Het Hof acht geen termen aanwezig voor een veroordeling in de kosten op de voet van artikel 8:75 van de Algemene wet bestuursrecht.

4.Beslissing

Het Hof bevestigt de uitspraak van de rechtbank.
De uitspraak is gedaan door mrs. B.A. van Brummelen, voorzitter, F.J.P.M. Haas en
C.J. Hummel, leden van de douanekamer, in tegenwoordigheid van mr. C. Lambeck als griffier. De beslissing is op 18 mei 2017 in het openbaar uitgesproken.
Tegen deze uitspraak kan binnen zes weken na de verzenddatum beroep in cassatie worden ingesteld bij de Hoge Raad der Nederlanden (belastingkamer), Postbus 20303, 2500 EH Den Haag. Daarbij moet het volgende in acht worden genomen:
1. bij het beroepschrift wordt een afschrift van deze uitspraak overgelegd.
2. het beroepschrift moet ondertekend zijn en ten minste het volgende vermelden:
a. de naam en het adres van de indiener;
b. een dagtekening;
c. een omschrijving van de uitspraak waartegen het beroep in cassatie is gericht;
d. de gronden van het beroep in cassatie.

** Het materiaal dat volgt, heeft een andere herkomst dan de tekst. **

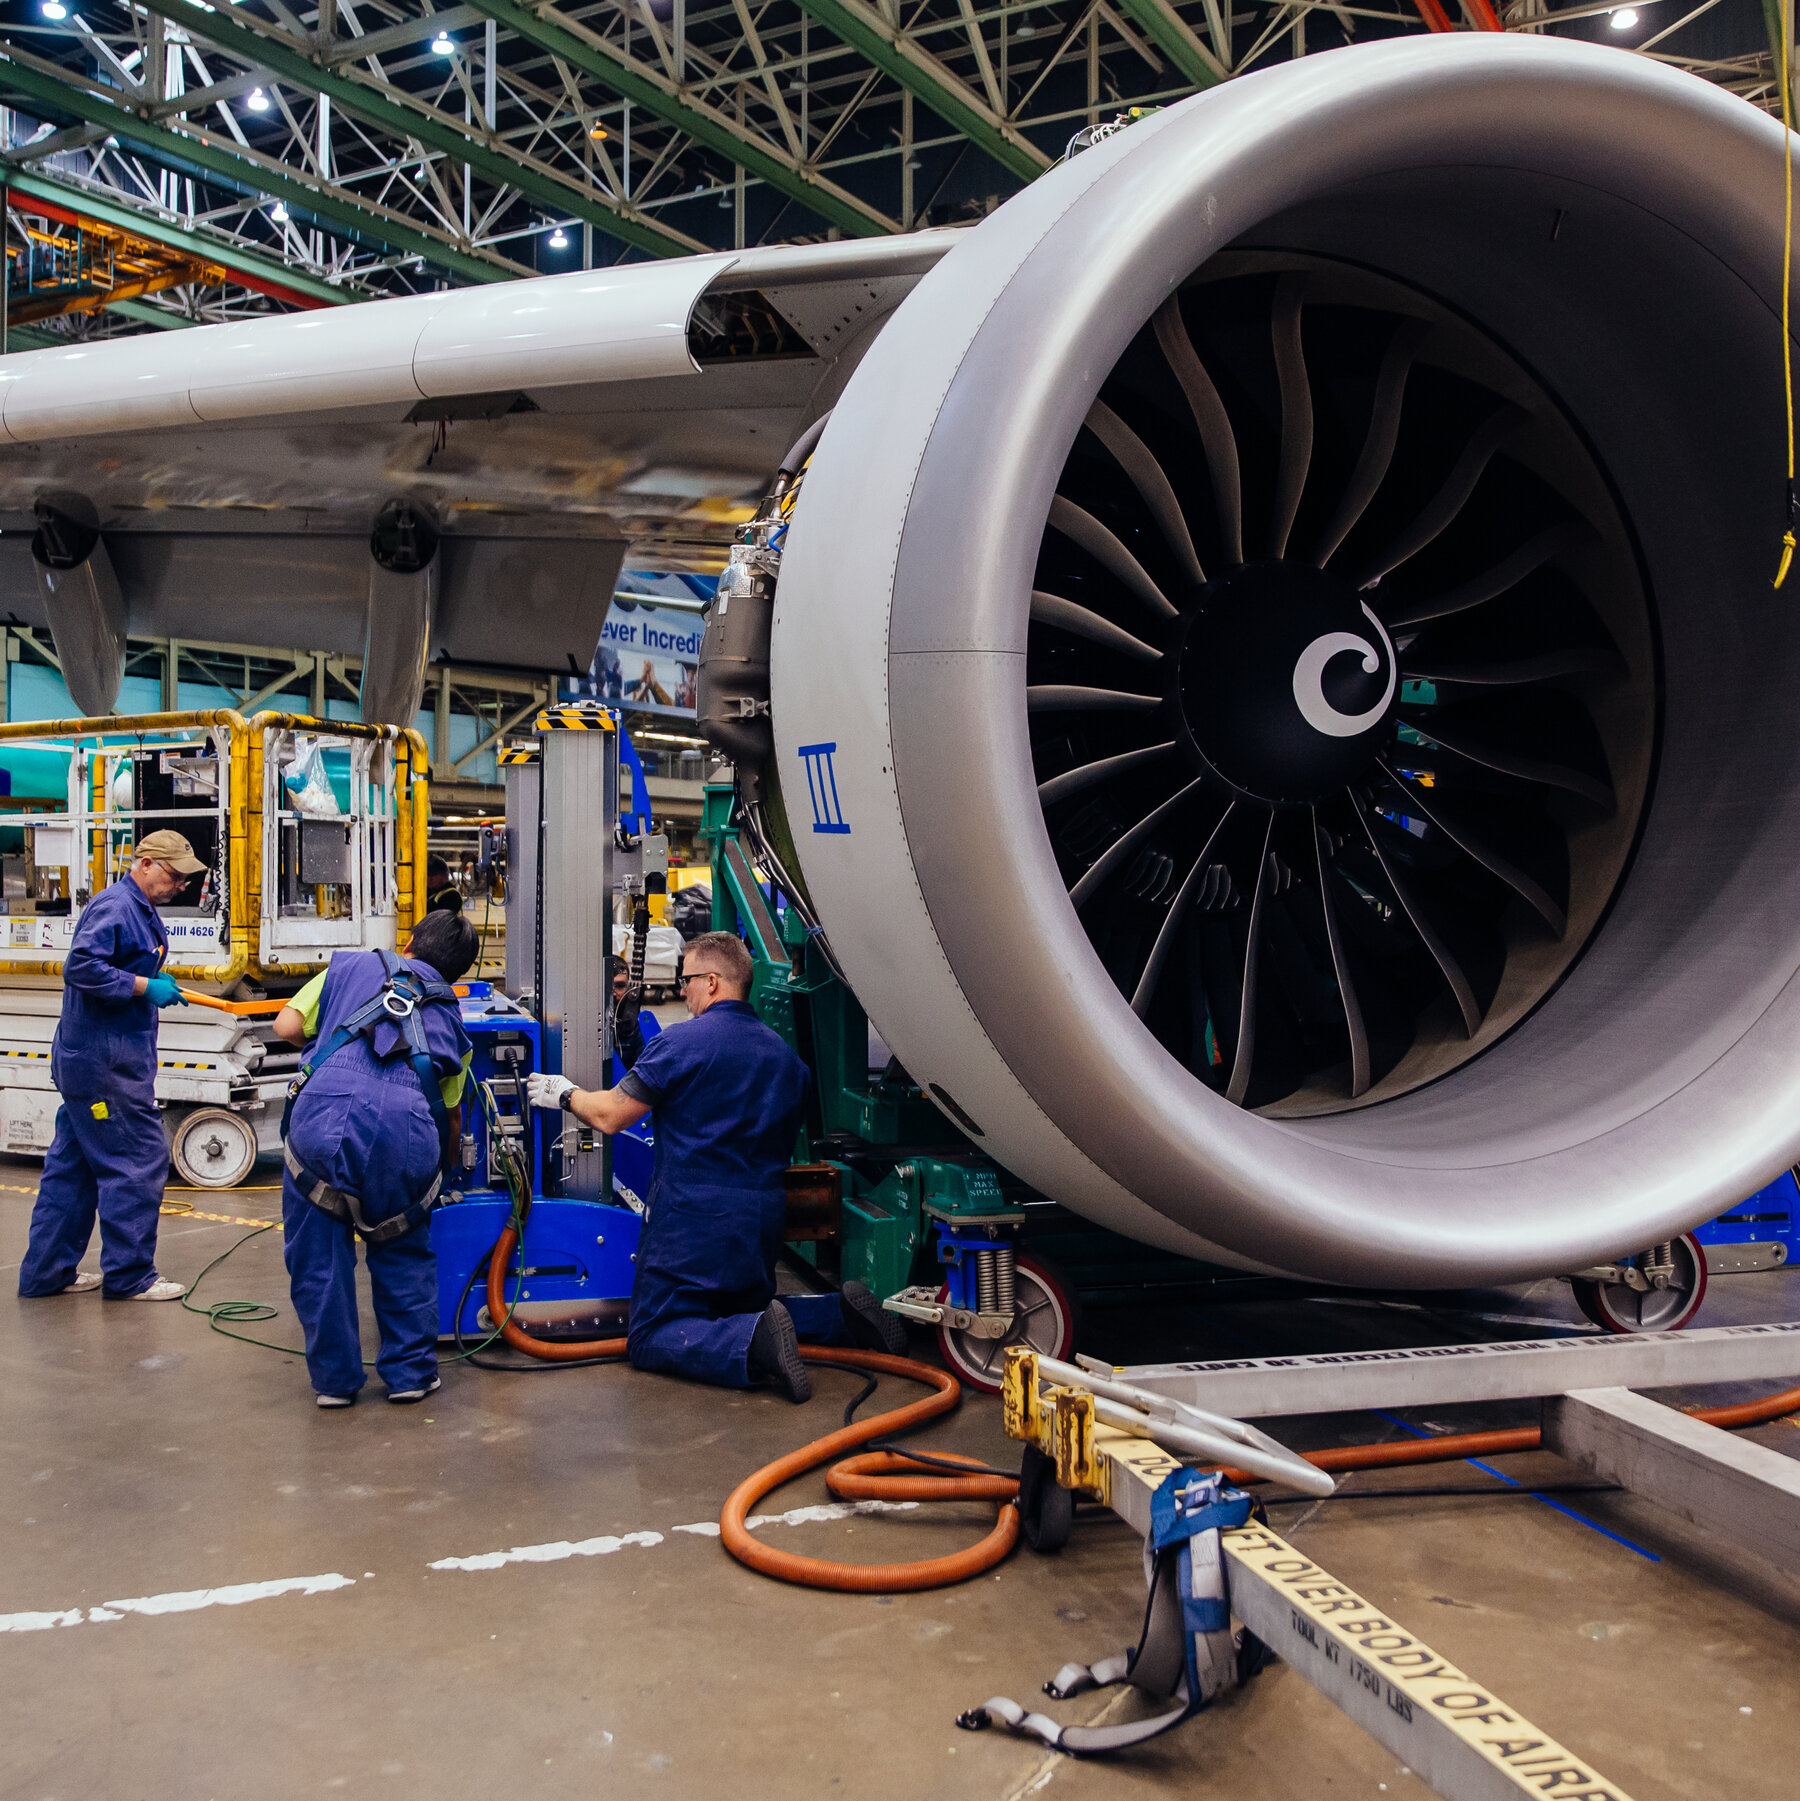 Do You Have Experience Working With Boeing? We Want to Hear From You.

Voor het instellen van beroep in cassatie is griffierecht verschuldigd. Na het instellen van beroep in cassatie ontvangt de indiener een nota griffierecht van de griffier van de Hoge Raad.
In het cassatieberoepschrift kan de Hoge Raad verzocht worden om de wederpartij te veroordelen in de proceskosten.